I wanted to ask if she knew I could read her lips.

But I didn’t think she was succeeding in diminshing me at all. Nope. I looked at her, and I thought that I had been through so much in the past thirteen weeks (and three days) — and she didn’t care a whit to check on me once.

I thought that I continue to stop multiple times a day and say a silent thank you for my vision. That I look around and appreciate the way things look. The sharp lines of a tree that hasn’t yet blossomed or opened its buds. An angry storm, snow on the ground, the obnoxious shirt my son thinks is funny that I keep waiting for phone calls from school about. I was grateful when I got up at 4:15 in the morning last week to put my daughter on a bus for a school field trip, and that I didn’t have to sit in a dark living room with her and wait for someone to pitch in, help out, and give her a ride while I stayed home, acutely aware that life was passing by as I sat inside and healed.

And I thought that this woman was too… whatever… to realize the value in any of it.

That yeah, her words were weapons.
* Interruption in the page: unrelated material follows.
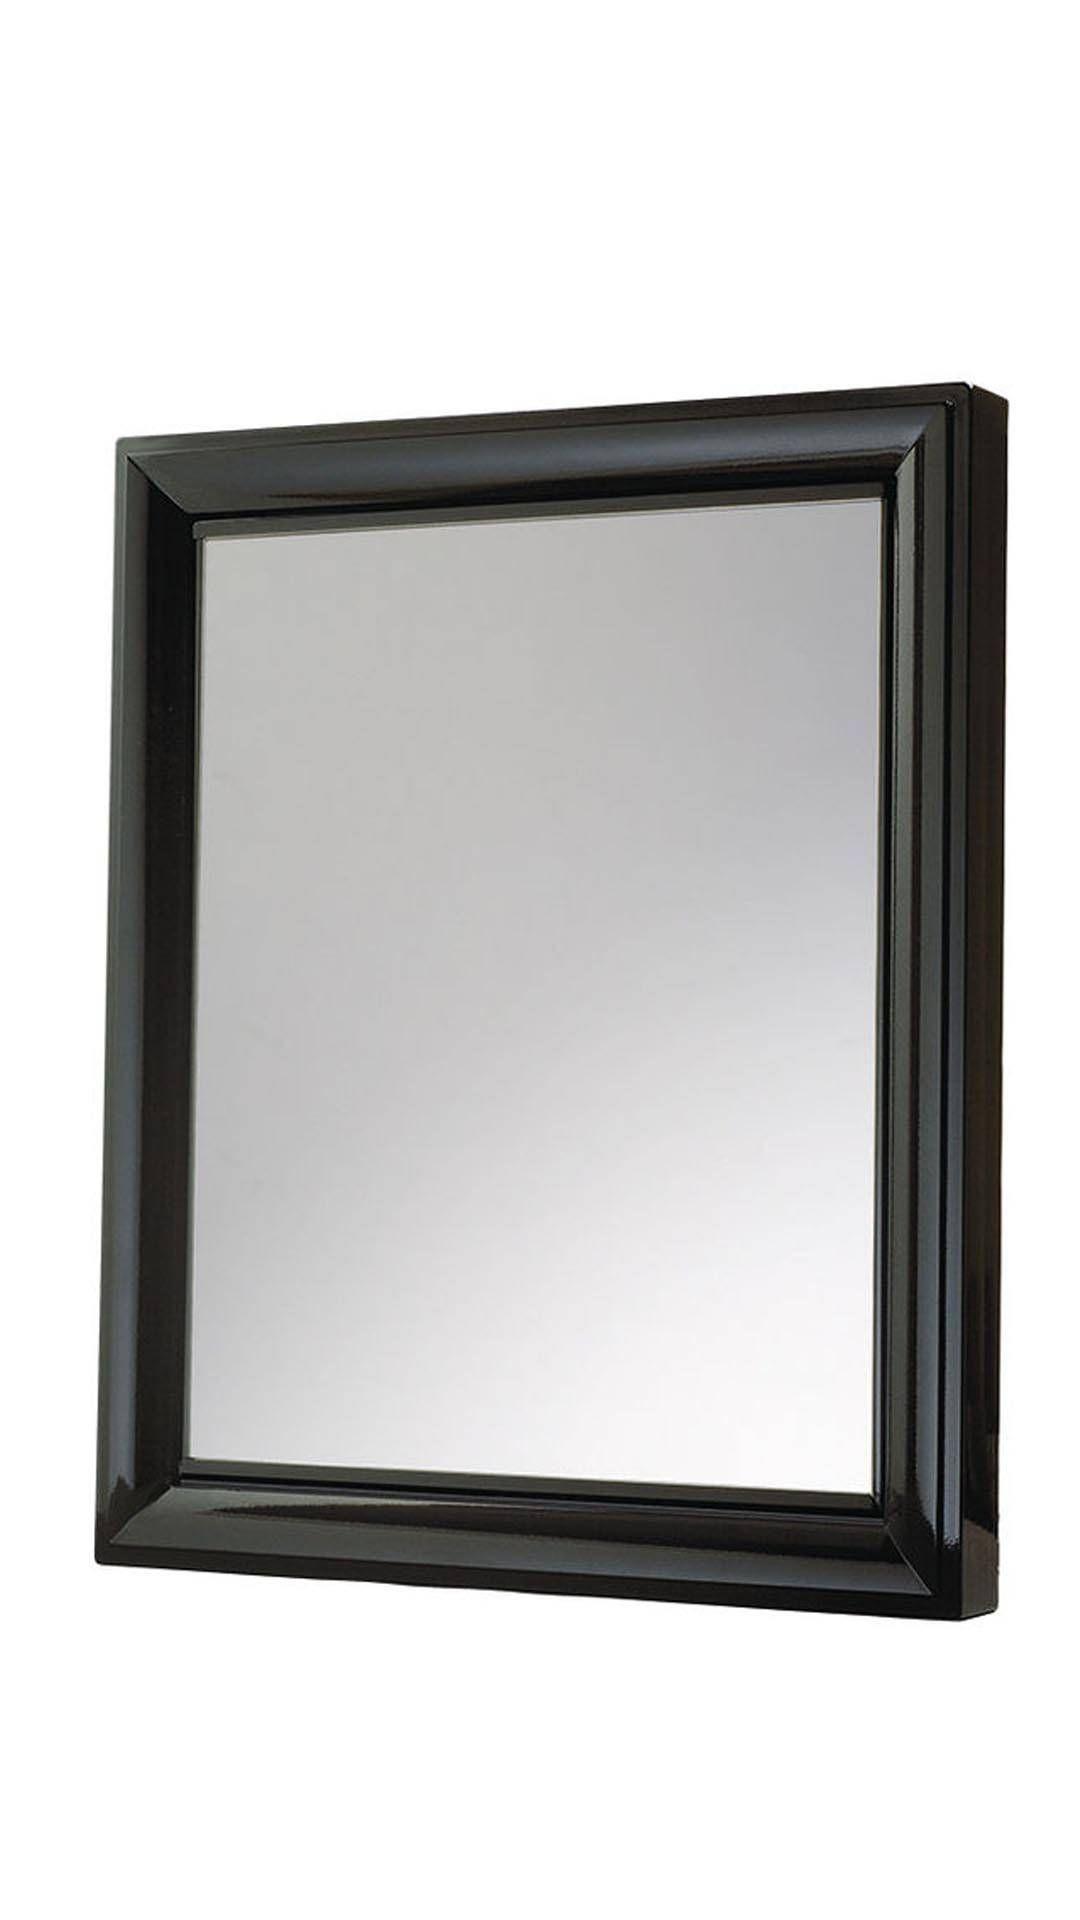 Bathroom Mirror Trends latest posts under: bathroom mirror cabinets   bathroom design
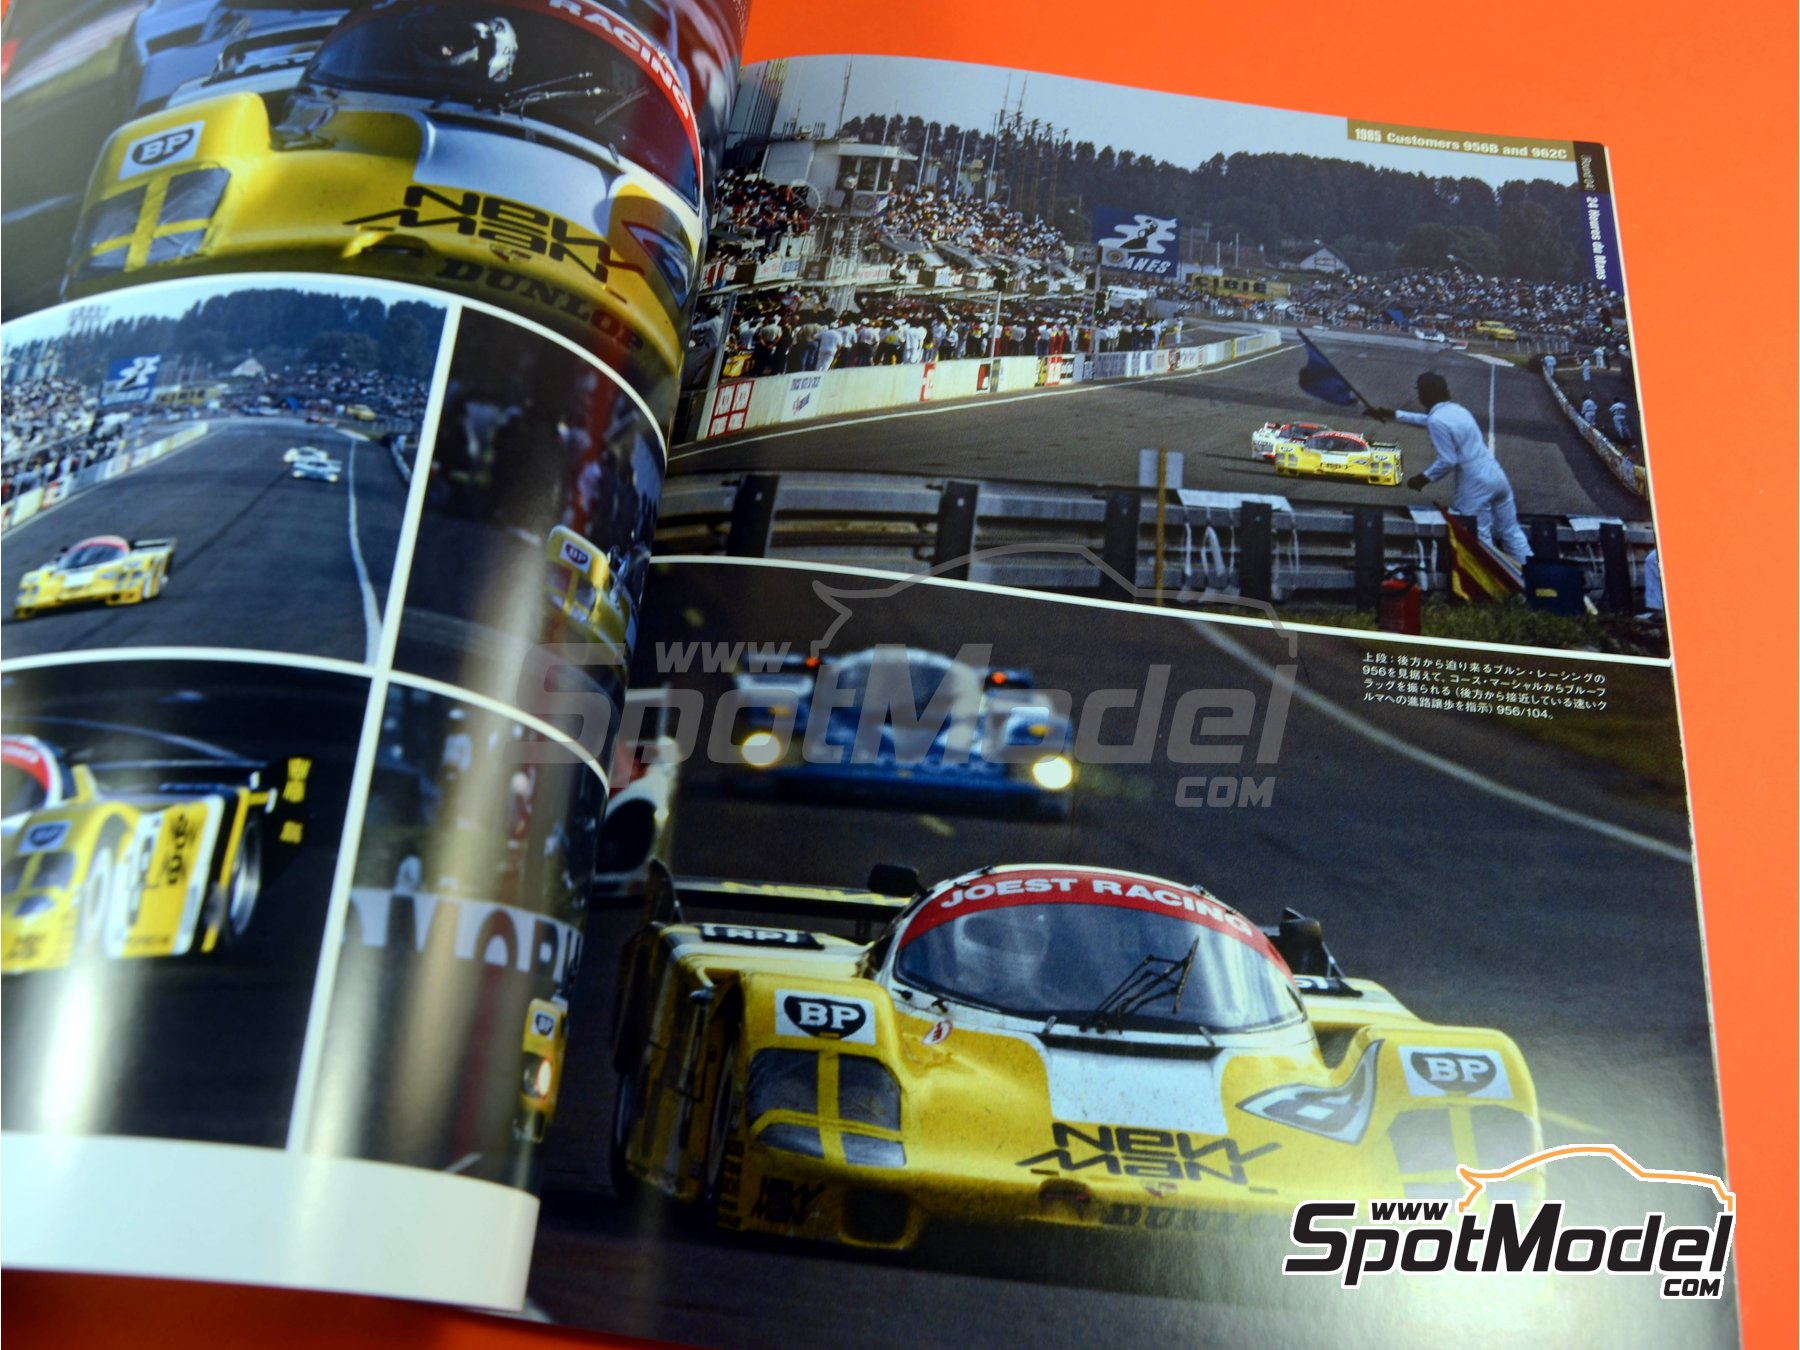 Image 9: Joe Honda Sportscar Spectacles - Porsche 956 - 24 Horas de Le Mans, 1000 Kilómetros de Suzuka, 6 Horas de Silverstone, 6 Horas de Fuji 1982, 1983, 1984, 1985 y 1985 | Libro de referencia fabricado por Model Factory Hiro (ref.MFH-SS007)

Except…

They missed the mark.

All I really want is something beautiful to say
To never fade away
I wanna live forever

Funny how much better I’m seeing the world these days, as I wait for my vision to “resolve” (whatever that means; it’s the surgeon’s term) and I switch pairs of glasses depending on what I’m looking at, as the cataract grows and my eye heals and as I learn to live with a new reality, the outcome of which remains anyone’s guess.

Again, thanks to Seether for the amazing lyrics which may or may not fit, but suit my mood and give my roiling emotions a safe outlet. I am amused that the name of their new album is “Isolate and Medicate.”